New Search Tool to Unlock Wikipedia
WOULD you like to ask Wikipedia tougher questions than today’s simple keyword searches allow? A prototype plug-in that can do just that will be demonstrated at the World Wide Web conference in Lyon, France, next month.
Called Swipe - loosely short for “searching Wikipedia by example” - the software aims to let users of the online encyclopedia answer complex questions that most search engines would stumble over. For example, trying to figure out “which actresses won academy awards when they were under 30 years old in the last 25 years?” becomes relatively simple when using the program.
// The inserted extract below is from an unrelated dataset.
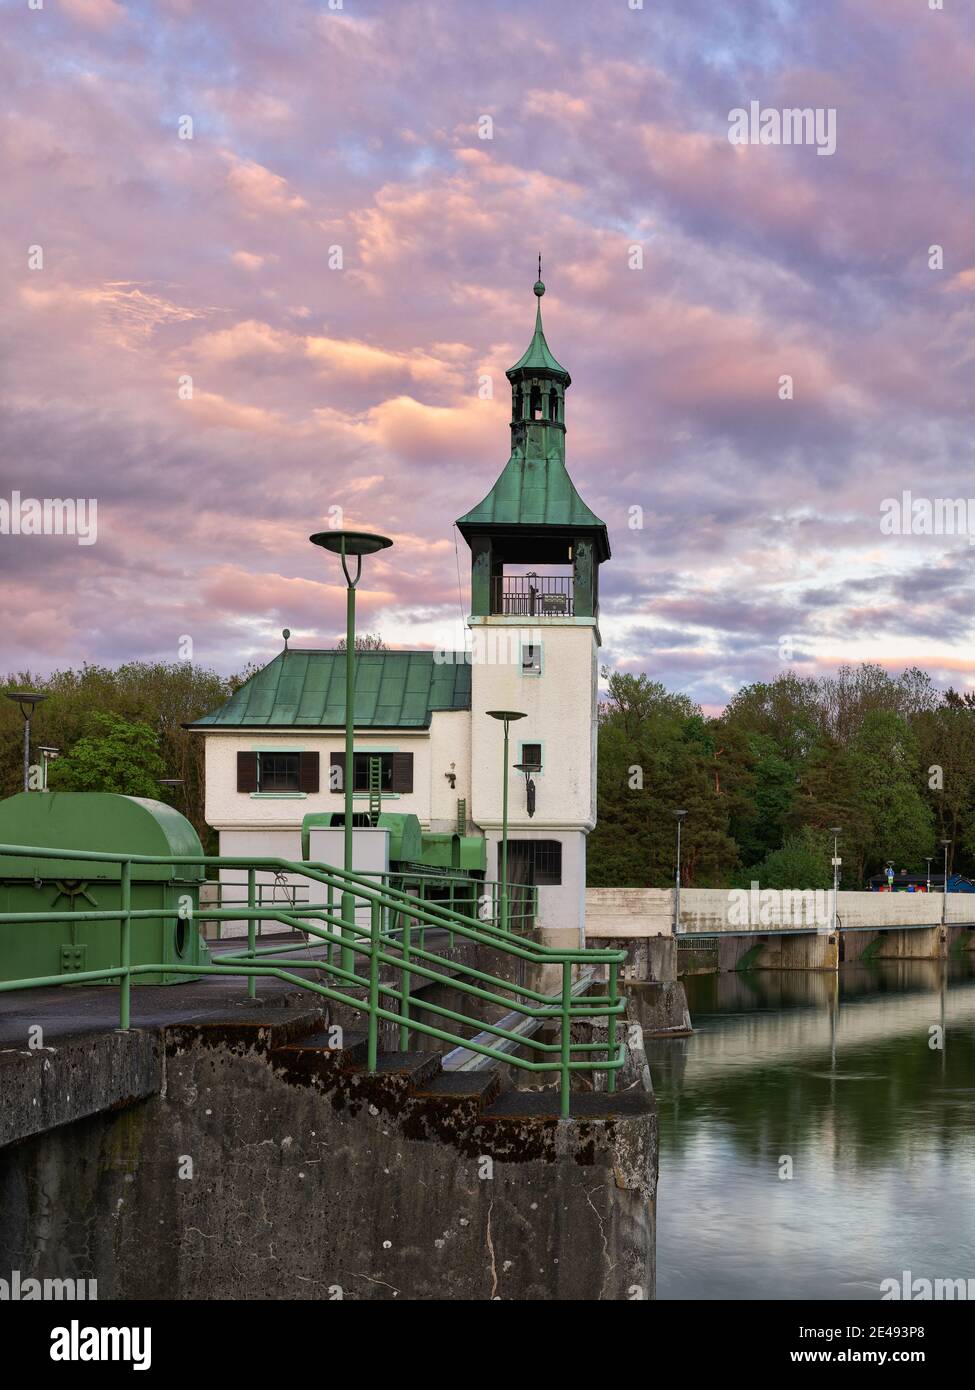 Gear house, bell tower, weir, weir, sluice, drain, canal, river, water, concrete, bank reinforcement, lanterns, trees, embankment, dusk, historical water management, place of interest, monument, listed Stock Photo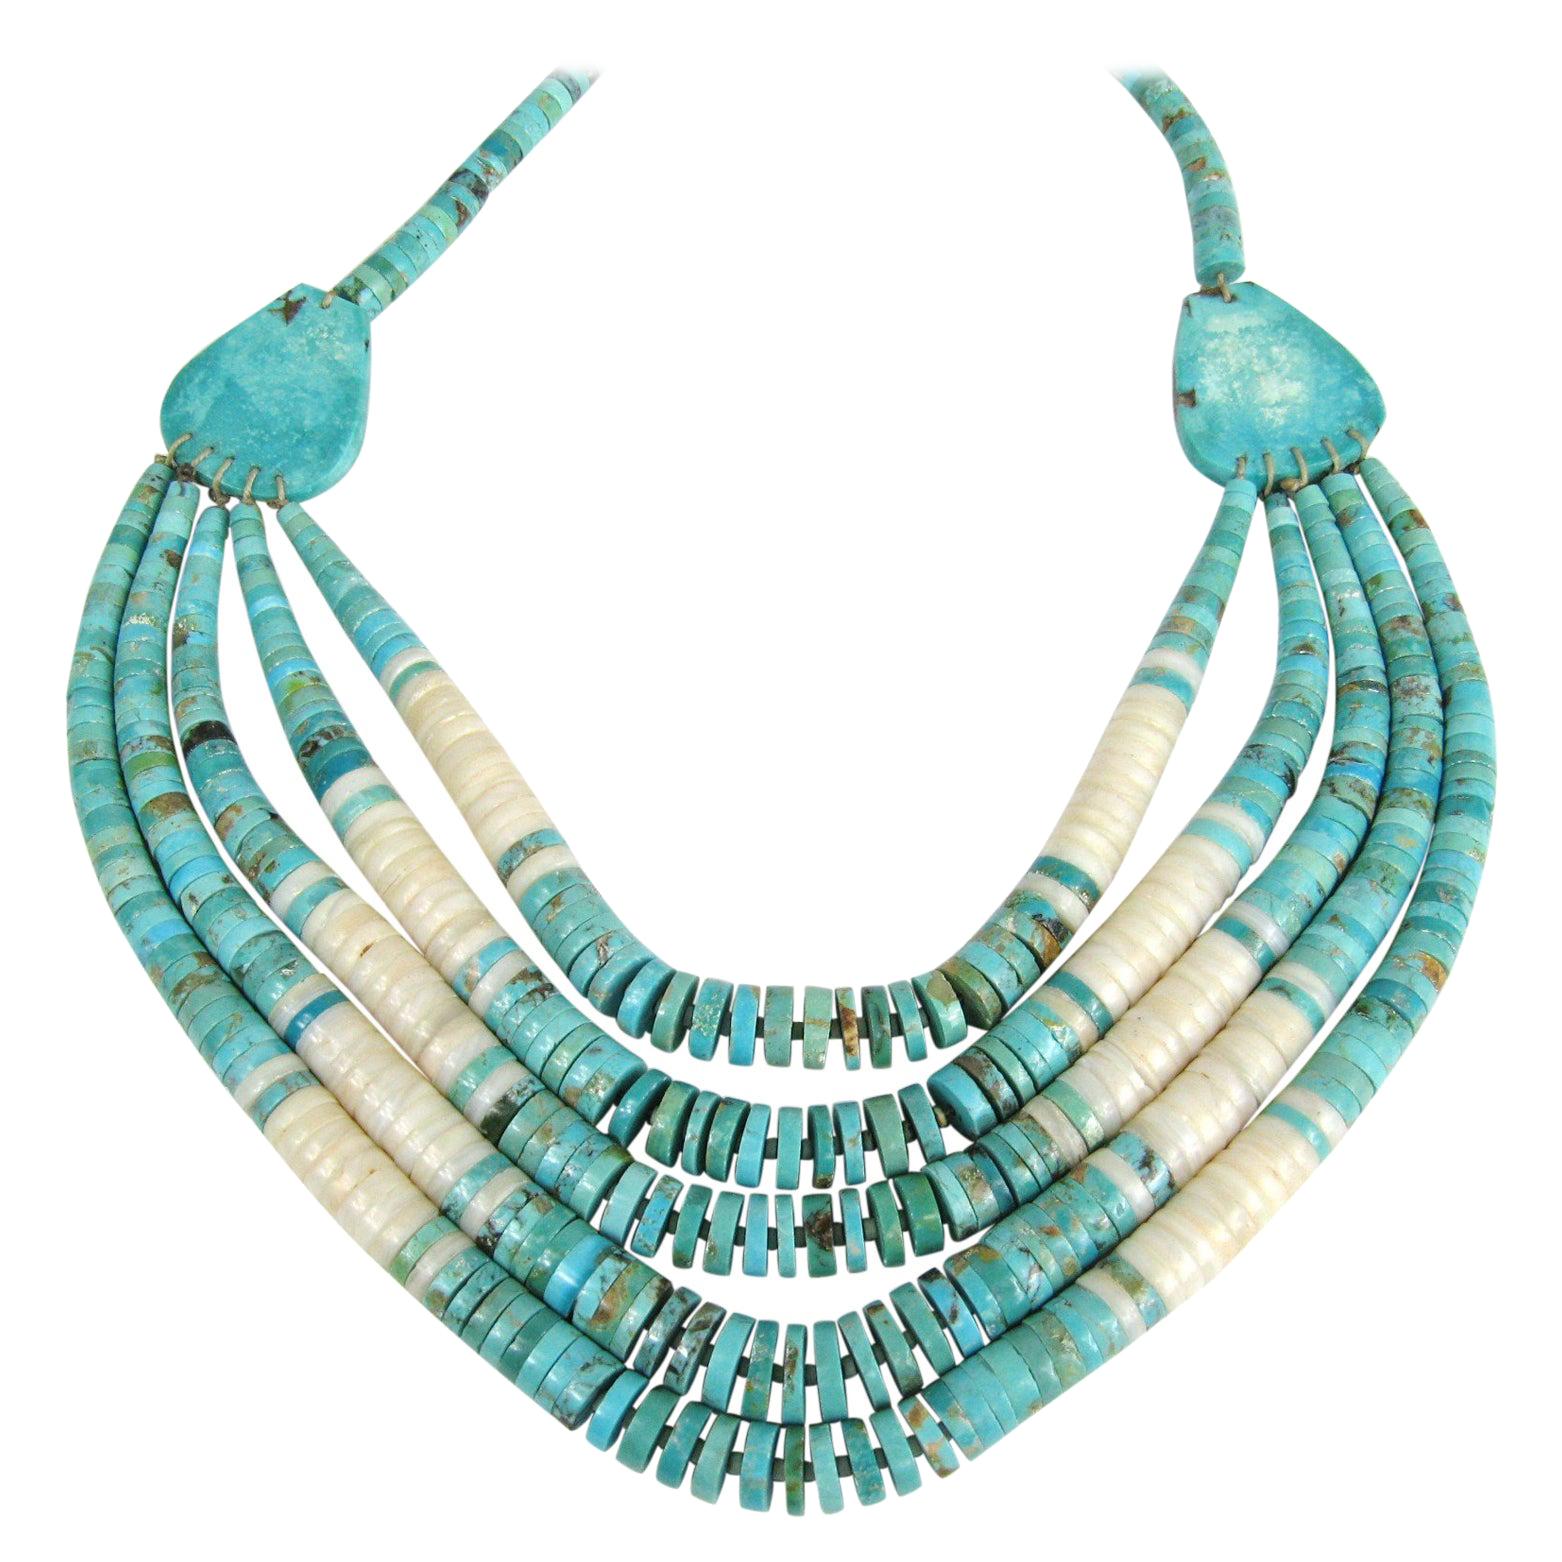 Details about   Navajo Native American Turquoise  Shell Heishi Sterling Silver Bead Necklace 764

To use Swipe, questions are not typed out in the form of the natural language above, but Swipe is nevertheless designed for everyday users: no knowledge of arcane database query languages is necessary, say the developers, Maurizio Atzori at the University of Cagliari, Sardinia, and Carlo Zaniolo at the University of California, Los Angeles.
The pair wrote Swipe using MediaWiki, the software Wikipedia is based on, but it draws its answers from DBpedia, an expansive collection of 3.6 million data entries harvested from Wikipedia’s pages. The data pop up in the info boxes on the right-hand side of Wikipedia entries, which list the details we use to describe the world, such as dates, prices, ages, heights, names, places, distances, bit rates, bytes, running times and geographical coordinates.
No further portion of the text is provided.